Good luck on your search (it took me 2 years to find the adult i was looking for, as temperment was extremely important to me and i wouldnt budge)


----------



## Zeeva (Aug 10, 2010)

Can you foster first to see how the pup adjust? Also did they shelter do the work up on her where the see how she reacts to people cats dogs children food etc?


----------



## sitstay (Jan 20, 2003)

I would pass. There are a lot of nice dogs available. In this situation I think adopting a bite case is setting everyone up for failure, especially the dog. 

I have seen how bite cases are evaluated in some shelters. The fact that the dog didn't try to bite the person standing in the kennel doorway, tossing treats in, is enough to pass a dog in some shelters. The evaluation is only as good as the person doing it.

OP, given the fact that you have a child in your home and resident pets, a reputable breed rescue that houses their dogs in foster homes for a minimum of three weeks would be your best bet. Look at adult dogs that have proven they can live with other pets and people. Set everyone up for success and have a positive experience.

Here is what I tell people when they contact me about a foster I might have. Adopt the dog as it presents to you right then and there, not the dog that you think it could be if X, Y and Z happen. When you adopt based on what the dog _might _become in the future, you are adopting a figment of your imagination and not the real dog as it sits right then and there.

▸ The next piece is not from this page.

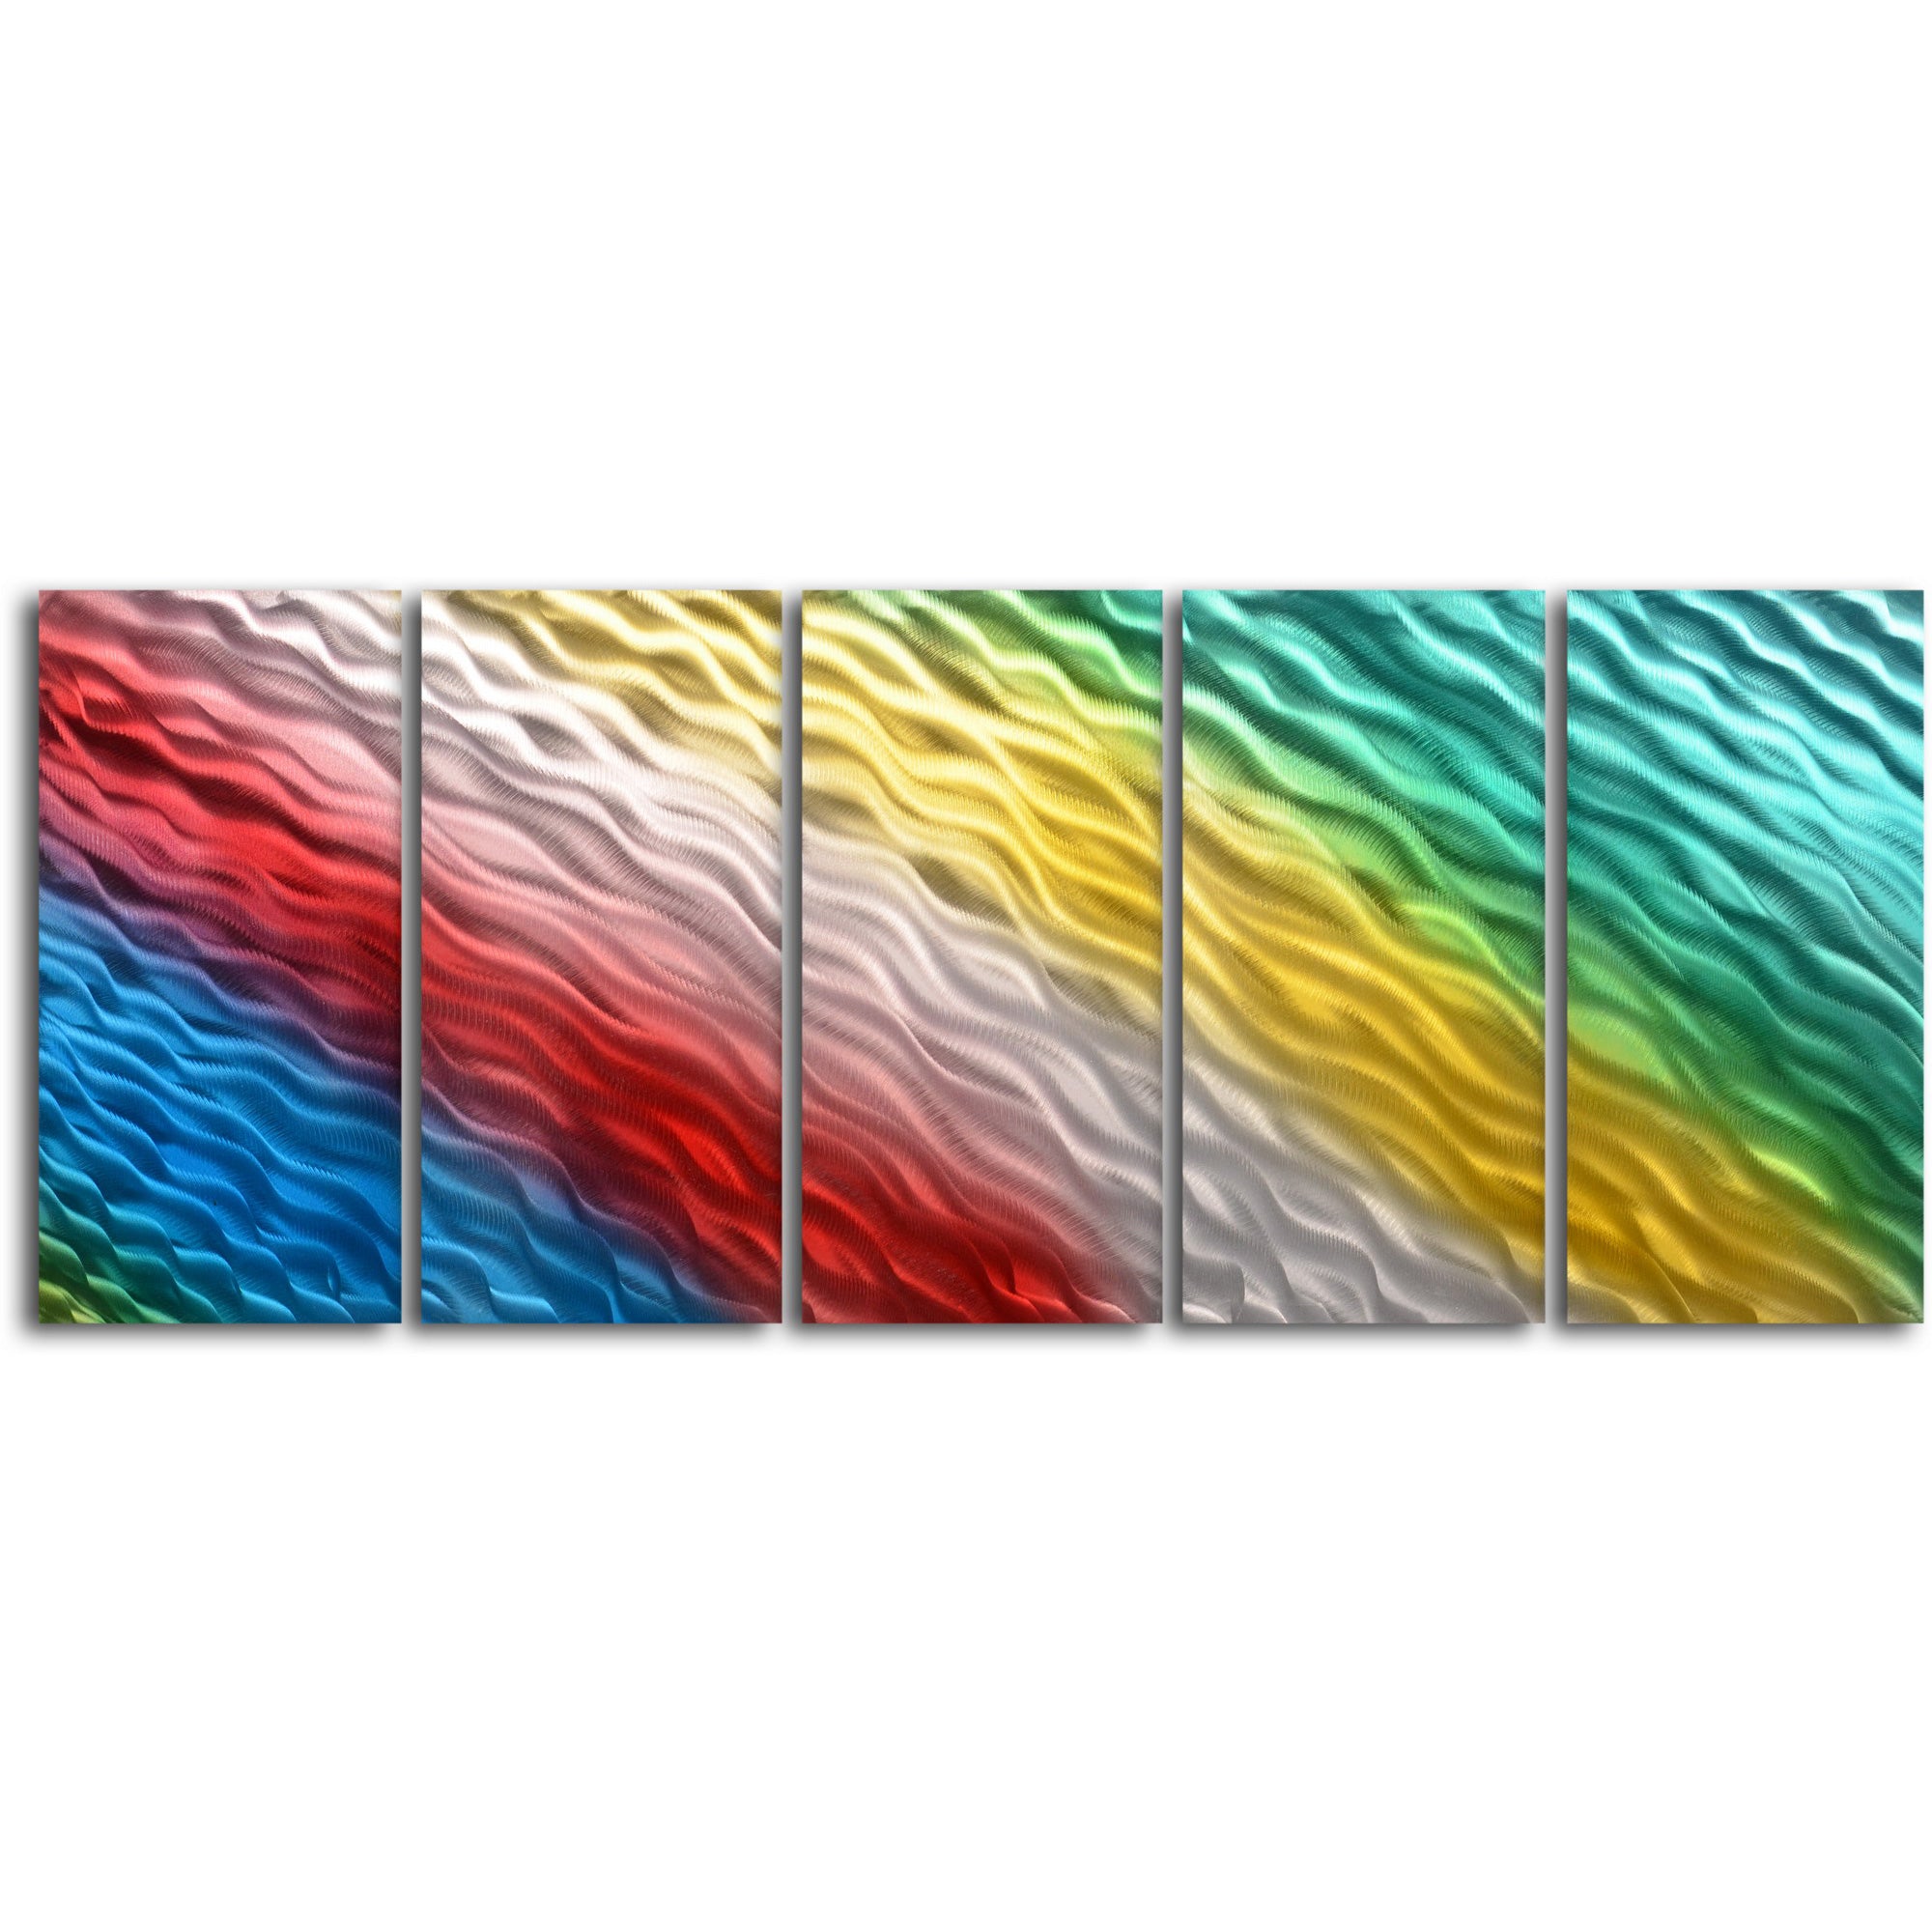 "Rainbow ripples" 5 Piece Contemporary Handmade Metal Wall Art Set

I don't think getting a puppy will necessarily give you the adult dog of your dreams. I own a dog that I purchased as a puppy from a reputable breeder and he does not like other dogs. That is just how he is, and there was no way to see that when he was 11 weeks old. 

There are a lot of great dogs available that have never bitten anyone for any reason. Spend some time working with a rescue, meet their dogs and see what is out there.
Sheilah


----------



## sitstay (Jan 20, 2003)

llombardo said:


> I'm thinking that if she bit someone, it must not have been serious, because animal shelters will immediately put down a dog that has a bite history. There must be a reason why they did not put her to sleep.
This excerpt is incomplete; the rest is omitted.